Я пожала плечами:
— Суровая правда жизни. Возврат займа за обучение. Долги.
— Это легко исправить. Ты должна серьезней относиться к своим замыслам, если ты действительно хочешь их осуществить, — сказал Ричард с напором. — Ты говоришь, что хочешь быть актрисой, и при этом мы никогда об этом не говорили.
— Теперь мне это кажется воздушным замком.
— Ерунда… Если Майкл Кейн смог сделать блестящую карьеру, играя самого себя, то я уверен, что ты сможешь заработать себе на жизнь. Есть Голливуд. Я уверен, что ты отличная актриса.
— Спасибо.
— Почему же ты не пыталась поступить в какую-нибудь театральную труппу после приезда в Лондон?

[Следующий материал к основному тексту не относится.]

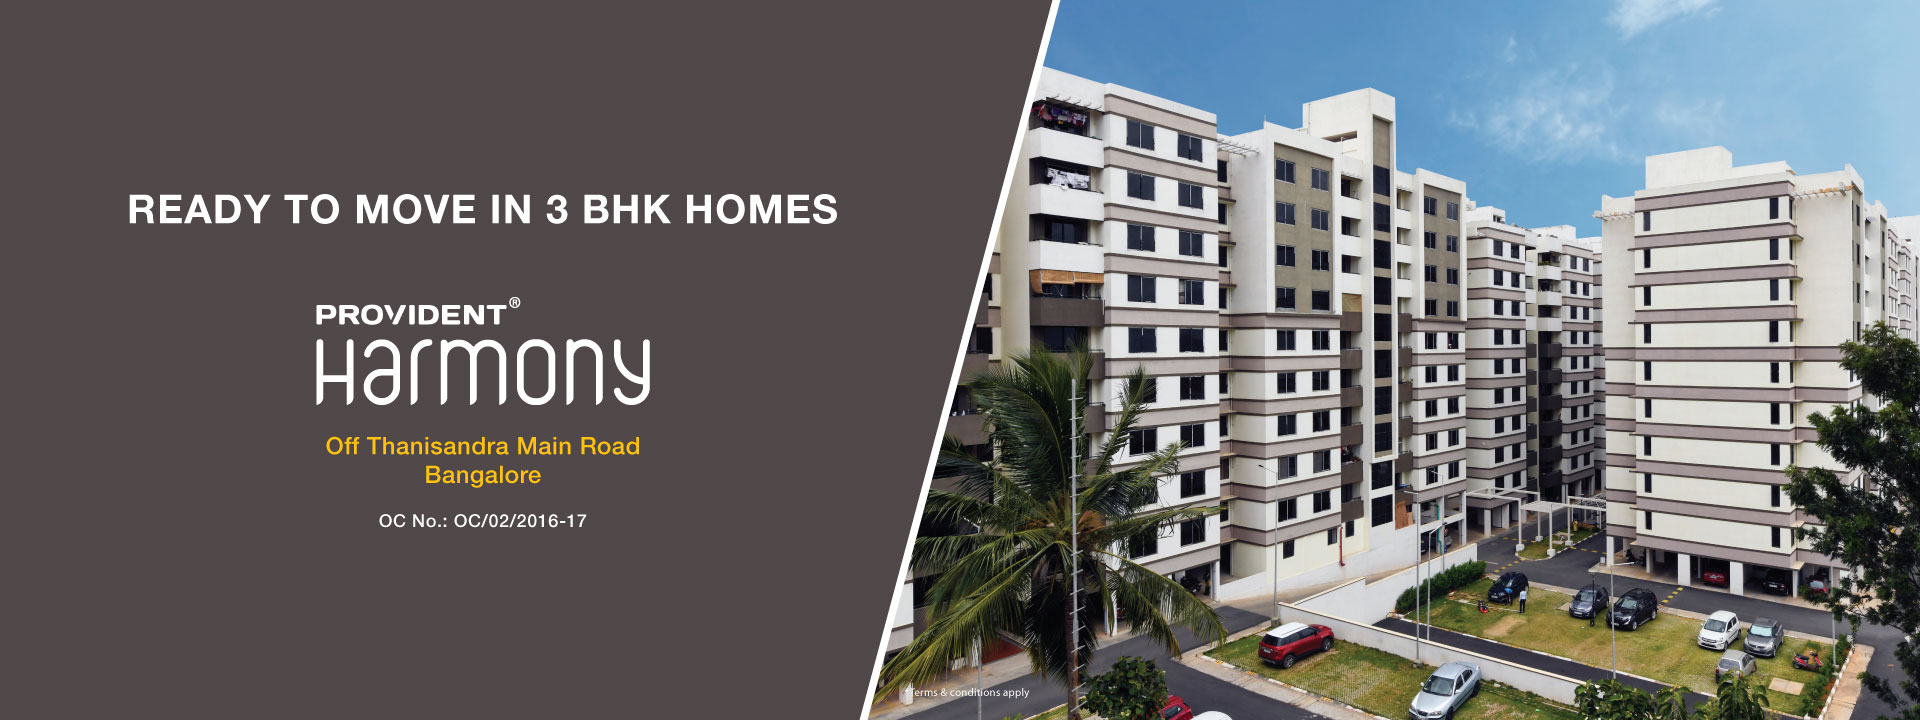 Book ready to move in 3 BHK homes at Provident Harmony in Bangalore Update

— Да как-то все не было времени.
— Может, тебе следует его поискать, — предложил он, еще раз сжимая мое колено. На этот раз так сильно, что я чуть не включила другую передачу, и сцепление жутко заскрежетало.

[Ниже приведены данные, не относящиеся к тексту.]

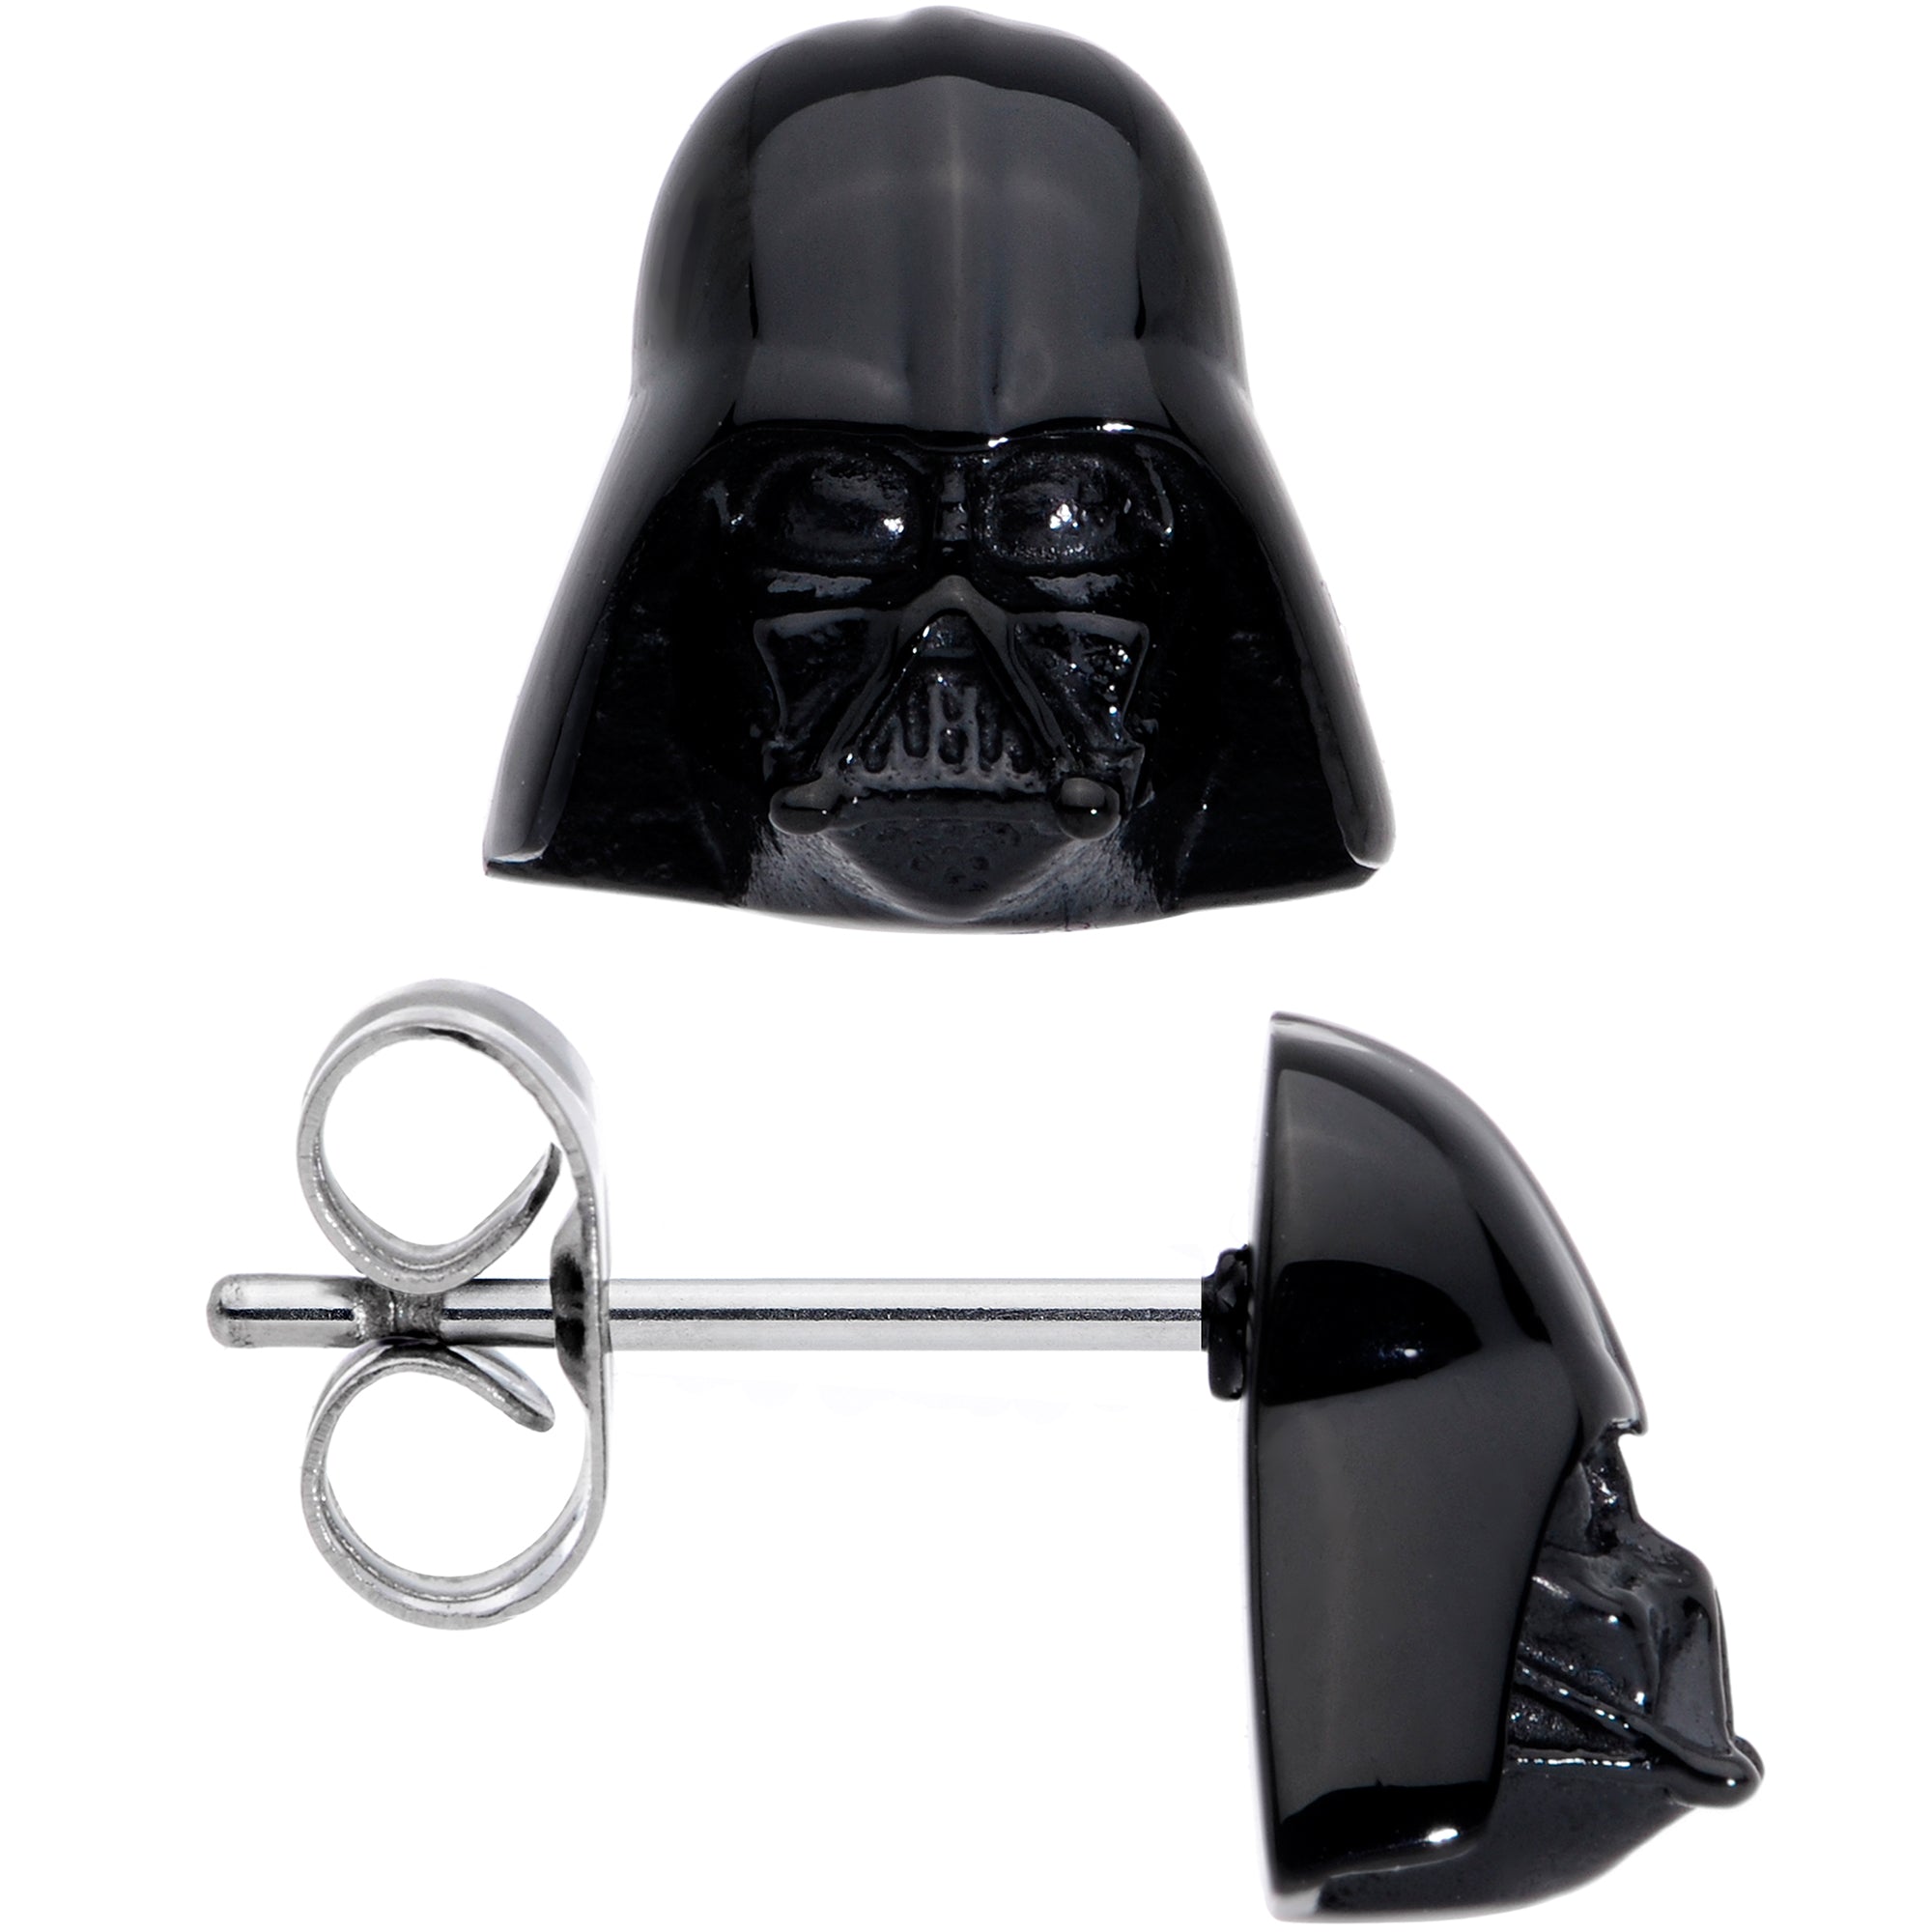 Officially Licensed Star Wars Darth Vader Post Earrings

— Может быть, — печально ответила я. О Ричард, мысленно прошептала я. Он так старался быть милым. Он и был очень милым. Может быть, не особенно интересным. Но очень милым. Мечтатель, как и я? Мамино обвинение снова прозвучало в моей голове. Я подумала, что она, наверно, права, устыдилась этой мысли и с чувством вины сжала в ответ его колено.
— Не позволяй мнению других о твоей жизни становиться твоим собственным сомнением, — продолжил он. — В девяти случаях из десяти они понятия не имеют, что для тебя лучше. Если хочешь знать, твой брат смеялся над тем, что ты мечтательница, потому что ему не понять, какой реальной силой обладают твои мечты. Он рабочий муравей. И всегда будет таким. И он хочет стащить тебя вниз, на свой уровень, потому что знает, что ты гусеница, которая ждет превращения в бабочку, и это его пугает.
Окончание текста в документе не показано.